X_train, X_test, y_train,y_test = train_test_split(X,y,test_size = 0.2,stratify = y,random_state = 100)

In [None]:
#check the proportion of data
y_train.value_counts(normalize = True) * 100

In [None]:
pd.DataFrame(y_train.value_counts(normalize = True) * 100).plot(kind = "bar")
plt.title("Distribution of Loan Status")
plt.show()

**Decision Tree**
- Average accuracy of pipeline with Decision Tree Classifier is 83.48%
- Cross-Validation and Hyper Parameters Tuning: Cross Validation is the process of finding the best combination of parameters for the model by traning and evaluating the model for each combination of the parameters
- Declare a hyper-parameters to fine tune the Decision Tree Classifier
- Decision Tree is a greedy algorithm it searches the entire space of possible decision trees. So, we need to find an optimum parameter(s) or criteria for stopping the decision tree at some point.
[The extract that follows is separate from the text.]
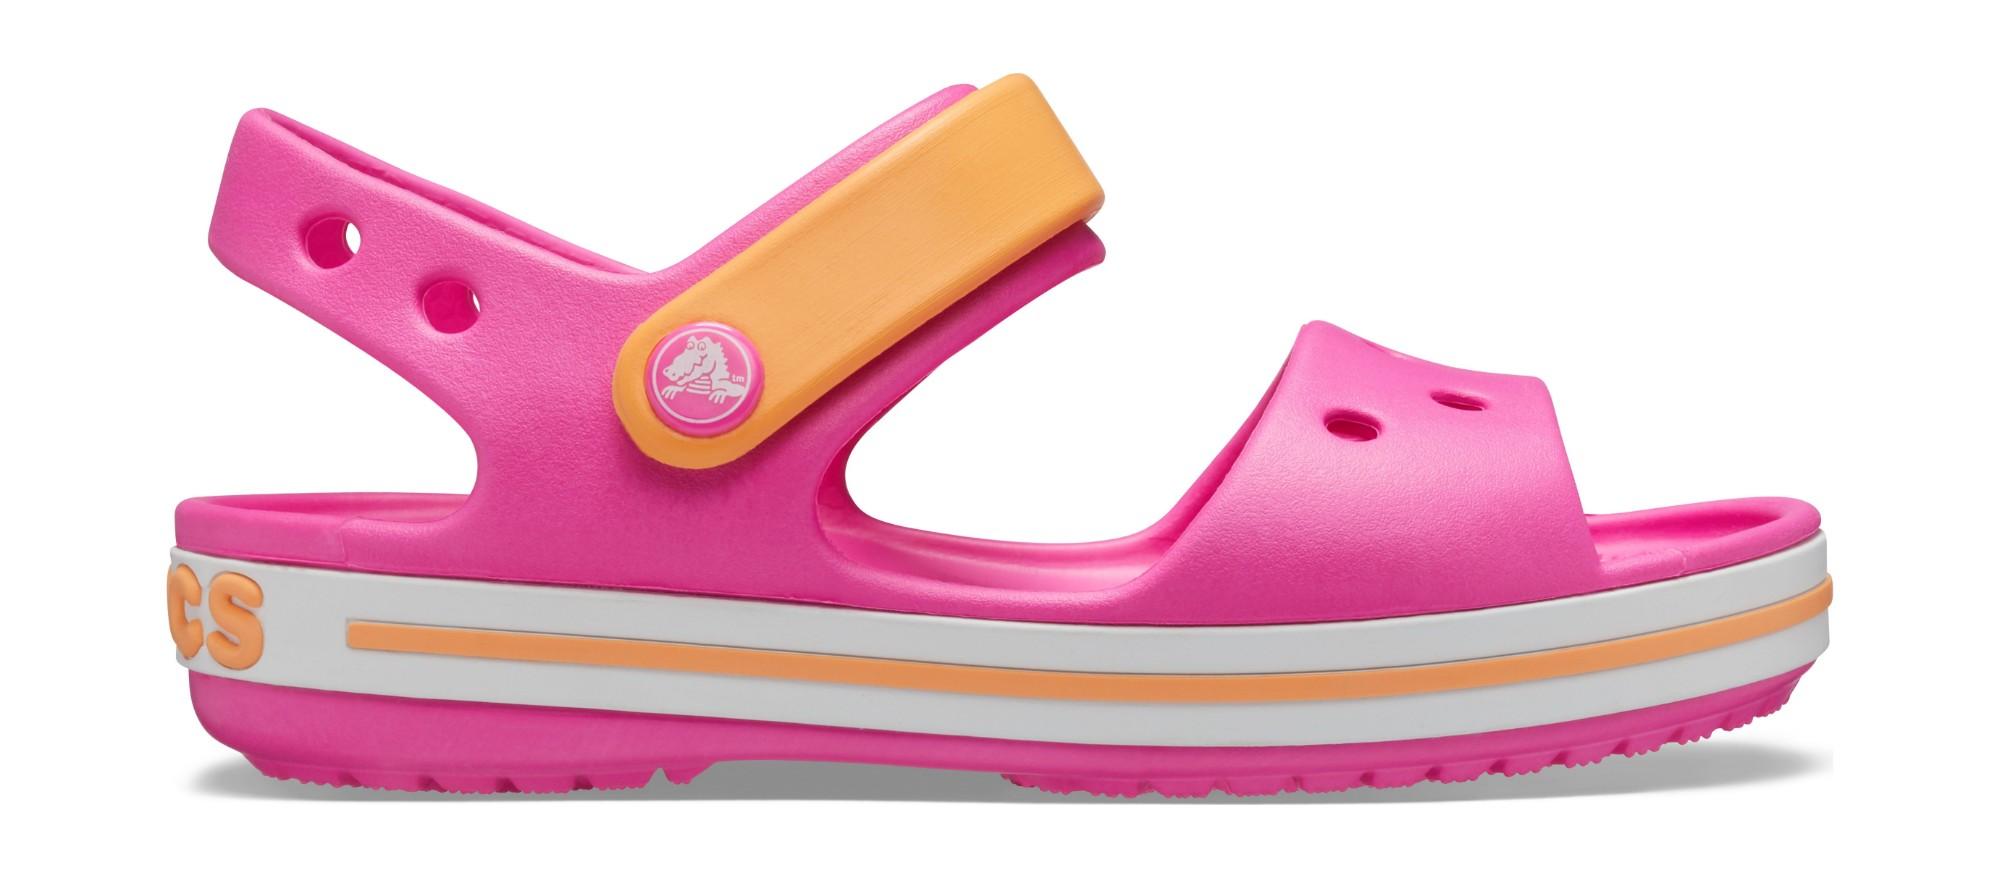 Crocs™ Kids' Crocband Sandal Electric Pink/Cantaloupe 33,5

We use the hyperparameters to prune the decision tree.

In [None]:
#make a pipeline for decision tree model 

pipelines = {
    "clf": make_pipeline(DecisionTreeClassifier(max_depth=3,random_state=100))
}

**Cross-Validation and Hyper Parameters Tuning**
Cross Validation is the process of finding the best combination of parameters for the model by traning and evaluating the model for each combination of the parameters

- Declare a hyper-parameters to fine tune the Decision Tree Classifier

- Decision Tree is a greedy alogritum it searches the entire space of possible decision trees. so we need to find a optimum parameter(s) or criteria for stopping the decision tree at some point. We use the hyperparameters to prune the decision tree

In [None]:
decisiontree_hyperparameters = {
    "decisiontreeclassifier__max_depth": np.arange(3,12),
    "decisiontreeclassifier__max_features": np.arange(3,10),
    "decisiontreeclassifier__min_samples_split": [2,3,4,5,6,7,8,9,10,11,12,13,14,15],
    "decisiontreeclassifier__min_samples_leaf" : np.arange(1,3)
}

**Decision Tree classifier with gini index**
- Fit and tune models with cross-validation
- Now that we have our pipelines and hyperparameters dictionaries declared, we're ready to tune our models with cross-validation.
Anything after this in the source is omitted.